# What you have to do:
Could you retype the whole listing word for word and drop the images?

# Exercise data:

▼▼▼

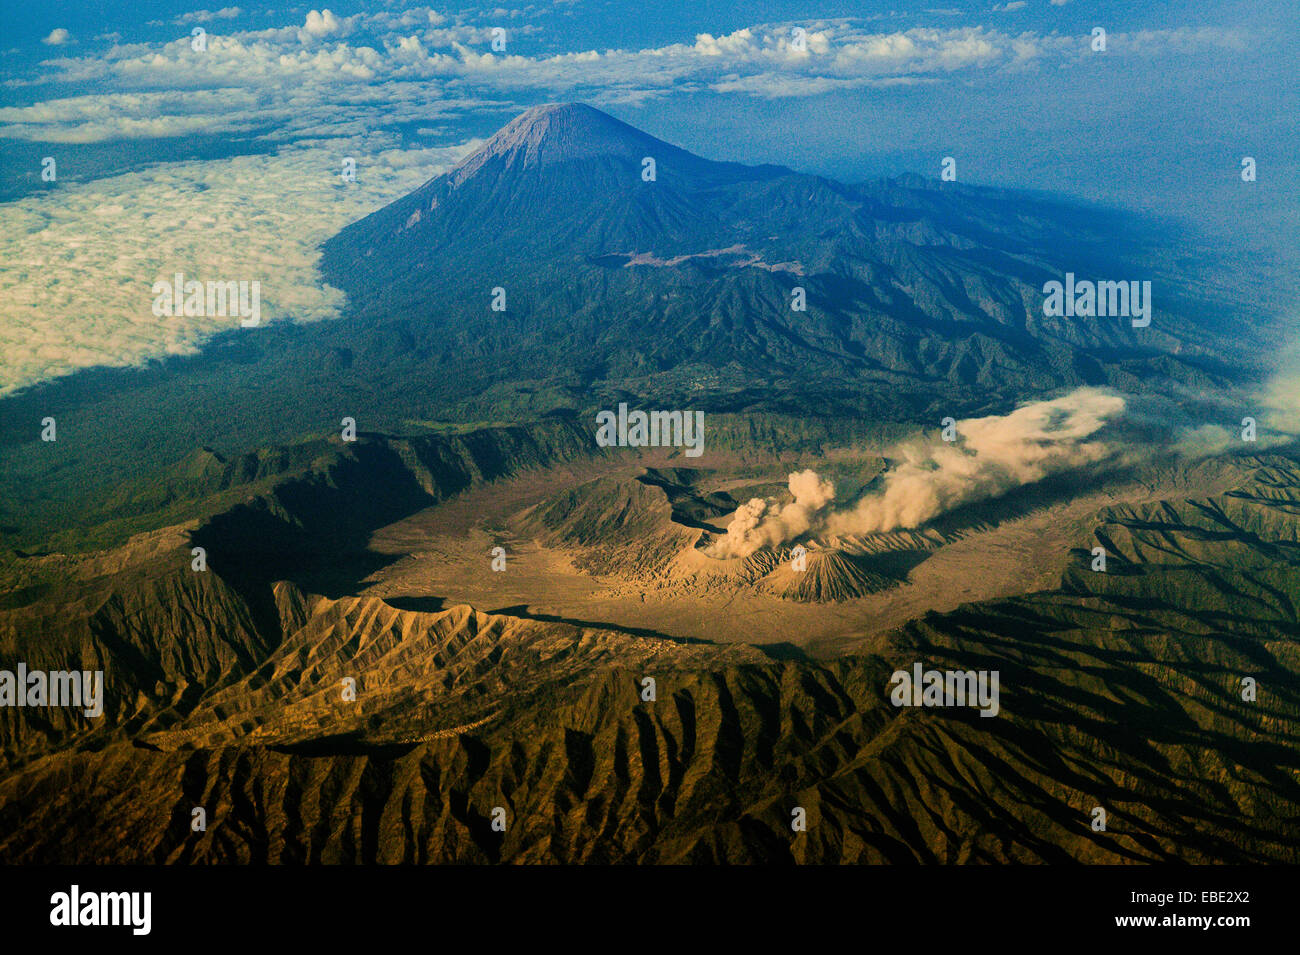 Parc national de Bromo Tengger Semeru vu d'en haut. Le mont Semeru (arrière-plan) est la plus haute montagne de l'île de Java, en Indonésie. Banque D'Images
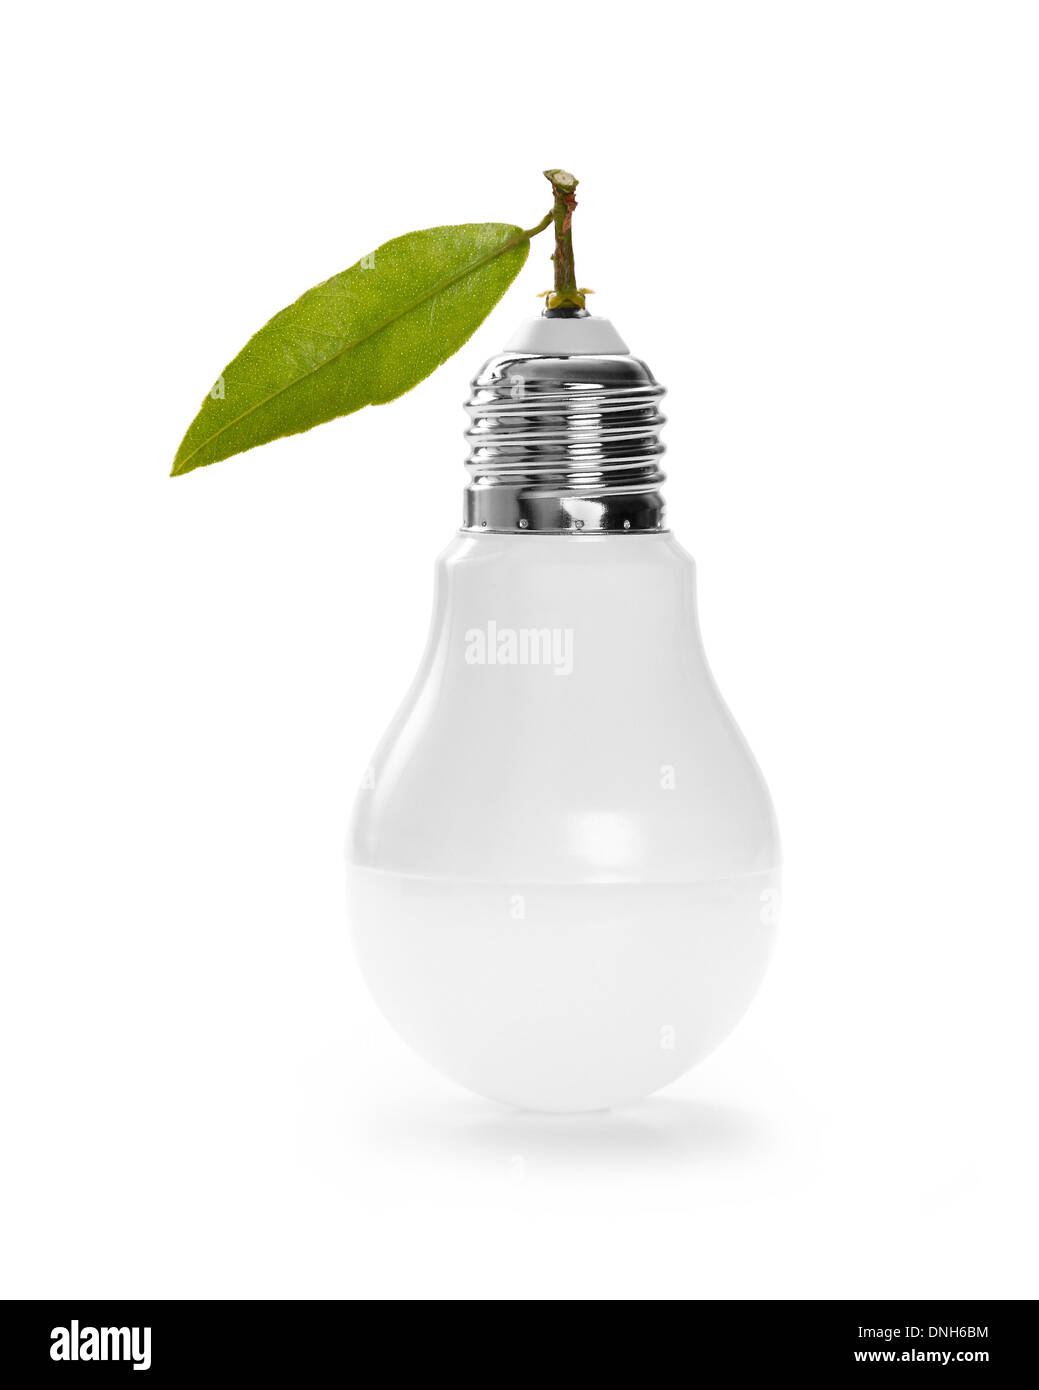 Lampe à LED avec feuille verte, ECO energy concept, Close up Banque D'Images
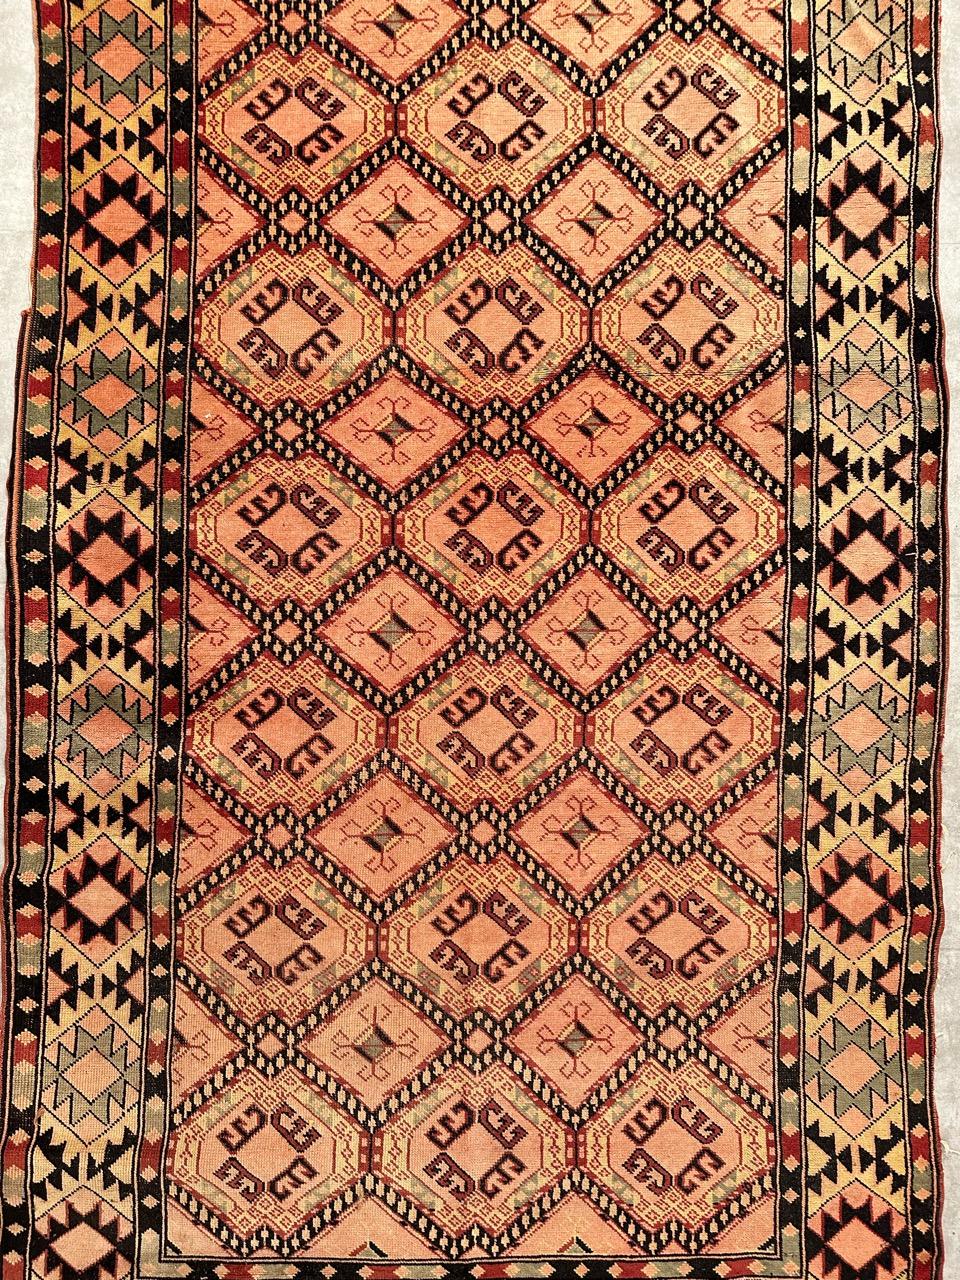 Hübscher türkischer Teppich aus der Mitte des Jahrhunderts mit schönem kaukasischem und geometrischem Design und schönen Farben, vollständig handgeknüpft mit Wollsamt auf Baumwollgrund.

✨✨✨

▲▲▲

# Reply:
 Parc national de Bromo Tengger Semeru vu d'en haut. Le mont Semeru (arrière-plan) est la plus haute montagne de l'île de Java, en Indonésie. Banque D'Images
 Lampe à LED avec feuille verte, ECO energy concept, Close up Banque D'Images
 Hübscher türkischer Teppich aus der Mitte des Jahrhunderts mit schönem kaukasischem und geometrischem Design und schönen Farben, vollständig handgeknüpft mit Wollsamt auf Baumwollgrund.

✨✨✨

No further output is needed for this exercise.